Labour’s response to Johnson’s penal push has been weak: Louise Haigh, the shadow policing minister, challenged Johnson on the consequences of austerity but also suggested that his expansion of search powers didn’t go far enough. There is a longstanding instinctual cringe in the party at the thought of being weak on crime: New Labour substantially accepted the Thatcherite position, and introduced its own raft of discretionary powers and sanctions under a succession of authoritarian home secretaries. Fearful of Tory attack, the party is still reduced to mimicking true blue policies, softened with appeals to collective belonging and equality: phrases such as ‘our communities’ and ‘for all of us’ litter the policing section of the 2017 manifesto.

One of the deficiencies of Corbynism has been the way it thinks about the state; riding the back of an anti-austerity wave, it has tended to treat all questions of state services, including the police, as a matter of funding. The limbs of the state atrophy under a Tory tourniquet, so the role of a Labour government is to loosen the knot, restore the flow of money, and return the body politic to health. The problem is that this ignores any consideration of what the limb in question does, what its hand grasps or lets go: what is considered a crime, what public good is served by policing, how it acts to reduce crime. It is a commonplace in post-conflict societies that policing has a profound effect on the unity and character of the state, and public trust in it; the same is true here, and the circuit of political feedback between policing and the state ought to make it a target for a Labour Party set on democratic renewal.
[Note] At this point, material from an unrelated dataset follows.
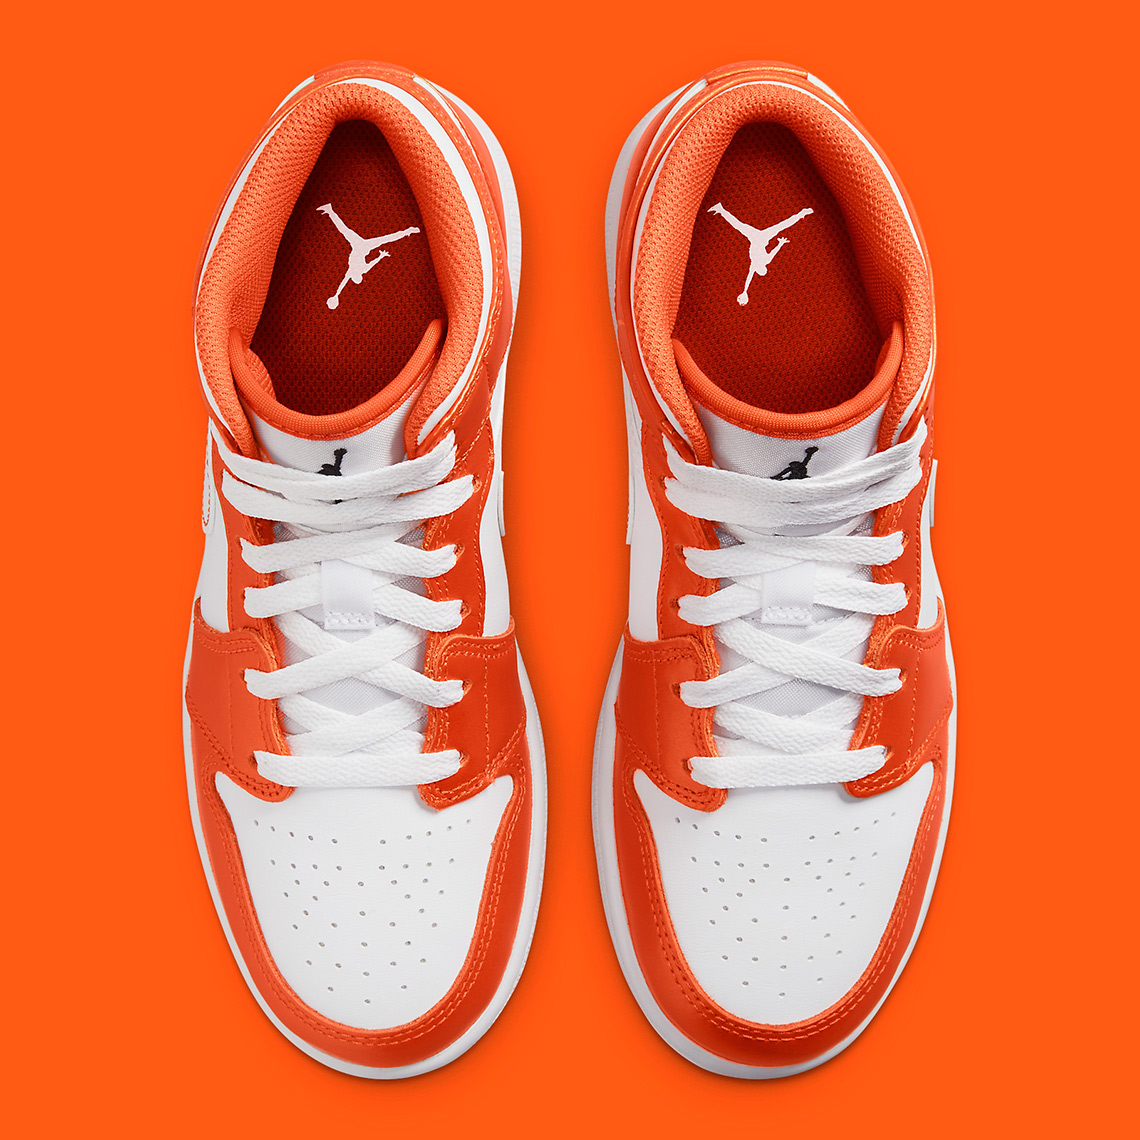 orange jordan shoes

Questions of human rights, judicial power and the state have rarely been the dominant strain in British gas-and-water socialism, but materials for a new social democratic approach to policing certainly exist: one would be a deep and warranted scepticism about the penal system as the basis of social order; another, which Patrick Colquhoun and Adam Smith understood in the 18th century, the idea that most solutions to crime can be supplied by political economy. A conversation about policing cannot be limited to crime, but must also consider social peace and security – the guarantee of the fundamentals of a good life. The obvious analogy is with securing good health as well as curing the advanced symptoms of illness.

‘We are not letting the public in on our era’s dirty little secret,’ Robert di Grazia wrote in 1976,

that those who commit the crime which worries citizens most – violent street crime – are, for the most part, the products of poverty, unemployment, broken homes, rotten education, drug addiction and alcoholism, and other social and economic ills about which the police can do little, if anything. Rather than speaking up, most of us stand silent and let politicians get away with law and order rhetoric that reinforces the mistaken notion that the police – in ever greater numbers and with ever more gadgetry – can alone control crime.

Di Grazia wasn’t one of Johnson’s loathed lefty academics, but the Boston police commissioner.